Scaling the giddy heights

Nothing says glamour like an office shot
My career can now officially be measured in centimetres – scaling the giddy heights of an HR career, I was today assigned the woeful task of measuring the company’s sunflowers for a competition.  Would you believe that someone was actually doping theirs?  It’s lawyers, right so they’re obviously pretty crazy.  Judge rules?  Miracle Gro is not sporting so... Disqualified.  We were each given six seeds, and I shared mine with two people in the team who were the epitome of detachment parenting – which is apparently pretty hot stuff right now – where I spent a lot of time fussing around mine which might explain why they were fairly stunted.   A metaphor perhaps for the perils of overbearing parenting?  Perhaps I’m getting to that age.

Last week there were a lot of tears and tantrums in the office – not mine, I just supply the message and the tissues – and I’m fairly sure the resultant high levels of carbon dioxide prevented heady growth.  Over the course of the weekend, and away from my hovering presence, the sunflowers bloomed (not literally) and were widely deemed as the likely winners.  Well, it certainly helps to make us popular when we win stuff.  The person responsible for measuring lost interest, went on holiday, I don’t know and I was nomintold that I was in charge.  In a weird way, I had too much power for that limited time.  No idea what to do with the results, but Philip and Roger, my two sunflowers, are very happy office companions for me.  Does anything else look quite as sad as a candid shot of an office though?  There’s a bit more oomph in here generally day-to-day, honest.

So on this grand note, I have news about the future of my crafting work life.  From the beginning of June I am going to start working three days a week in the glamour of HR, and the rest of the week will be spent endeavouring to build some kind of something from the knitting, sewing, embroidering side of life.  I don’t really know what it looks like yet, but I’m excited to find out; and for the first time in my life enjoying not knowing what the end point looks like or trying to control what it looks like.  My sense is that trying to hold it too tightly can only be a bad thing and so I’m very lucky that I’m able to just see what happens.

As part of that, I will be planning to move my blog and will update with more details of that in due course.  I’m determined to figure out taking proper photographs. 

In the meantime, I’m beavering away on my knitwear design course, and have been using manhole covers – not very original I know – as a source of inspiration for my first module homework.  If you’ve never looked at them much before, there is a plethora of different types of doorway into the world under the pavements and each company seems to have made an art form of them.  From paving stones, utility company covers and manhole covers, someone somewhere wanted to make these mundane bits of the world beautiful and I found that very inspiring.  No, I don't think I'm unique or original in thinking that; if anything I should be ashamed that it has taken me this long to think it.  It's probably scuttled across my mind before, but taking the photographs has made me ponder on it properly.  Here are a selection. 

Fleet Street maholes

To quote Tom Hanks in Turner & Hooch "this is not my shoe" - someone scampered past quick as a flash while I was taking the picture (they looked perplexed about why I was taking the picture too)

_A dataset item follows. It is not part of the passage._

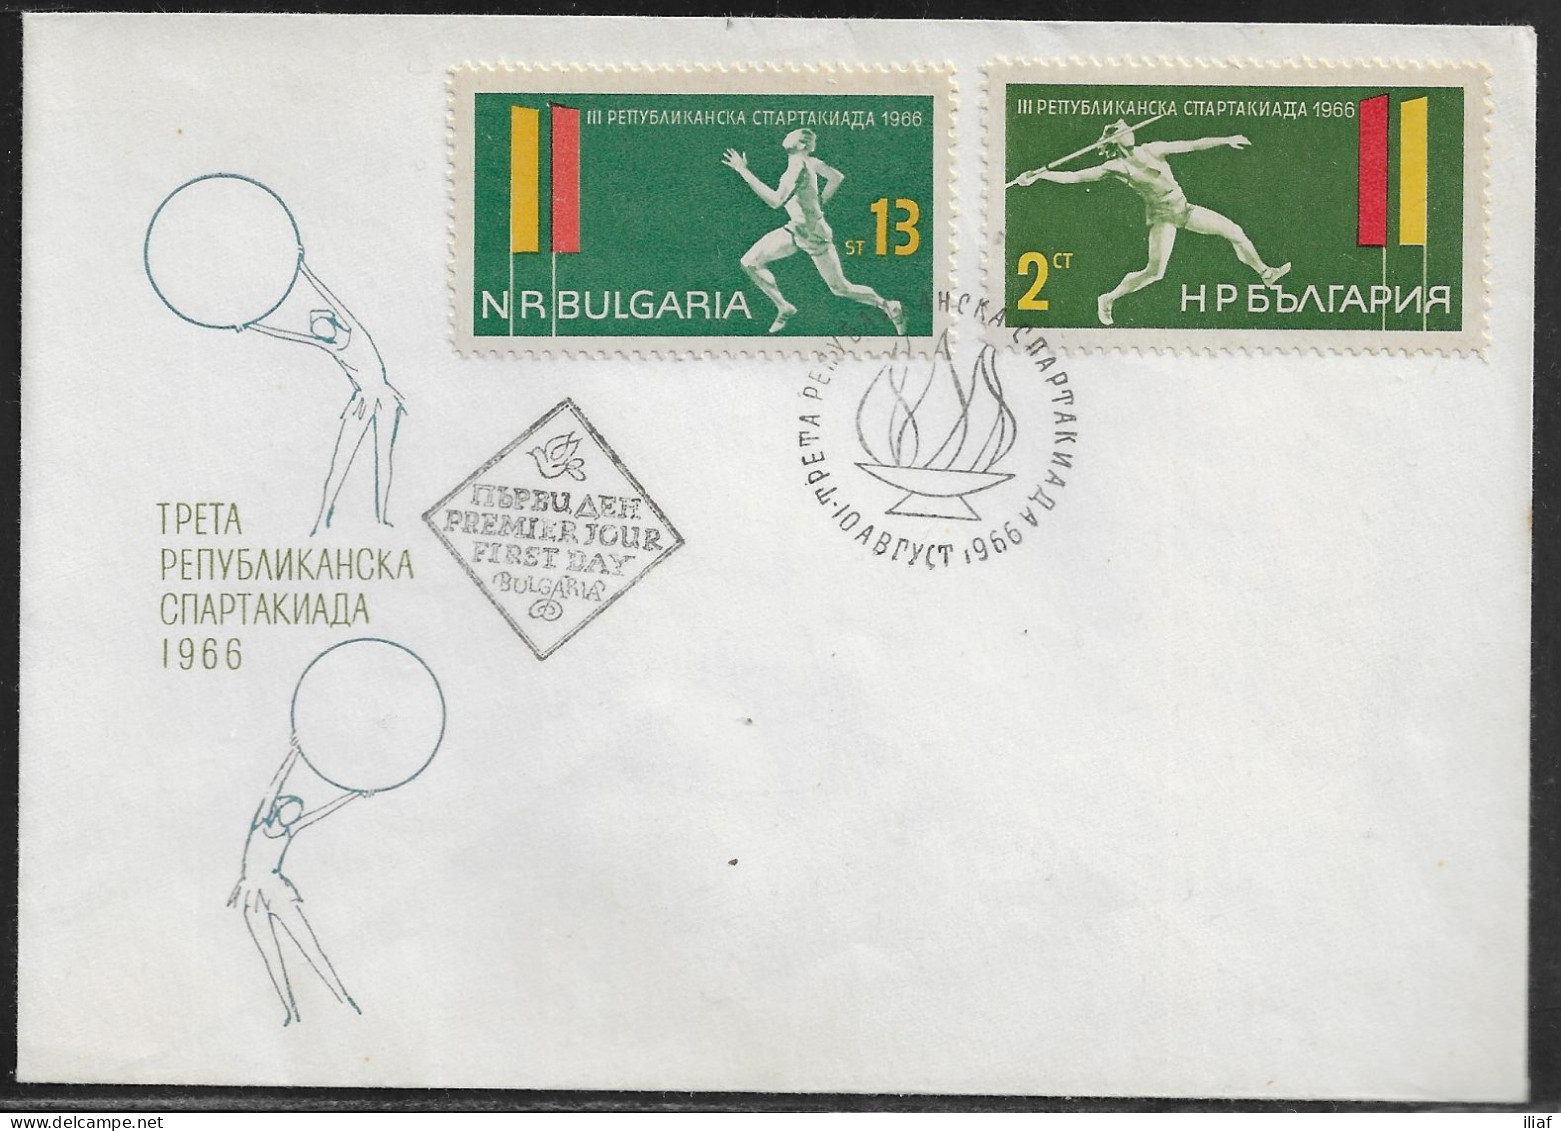 Bulgaria FDC Sc. 1512-1513  The Third Republic Bulgaria Spartakiada 1966.  FDC Cancellation On FDC Envelope - FDC

Crossing bobbles - utilitarian and oddly lovely (sore on the feet though)

Commemorative and functional and older than me, hooray - not that I'm anxious about my birthday just gone and advancing years

Water - simple grid but striking

The South Bank - I loved the way the straight line pavement markers ran up to meet the grid of the cover

Clifford's Inn - a window to the basement

Old Inns of Court door

Is it the same Hope Foundry Co - formed in the 19th century and still adorning our streets


Cobblestone fans outside St Pauls Cathedral
Having charted them – which really made my head ache, having to try and think in reverse (I think this is where the dyslexia can sometimes be apparent) – they are looking quite nice actually and photographs of those will follow shortly.  I’ve become obsessed though with cobble stones and brickwork and all sorts of crazy things.  Having gone from a very slow start to the course – post-wedding lack of motivation as Husband moved into my flat one spoon at a time – now I’ve started I think I’m addicted.  The living room is buried under balls of yarn and random needles as I try new things, and there are samples blocking e.very.where.  Fun. 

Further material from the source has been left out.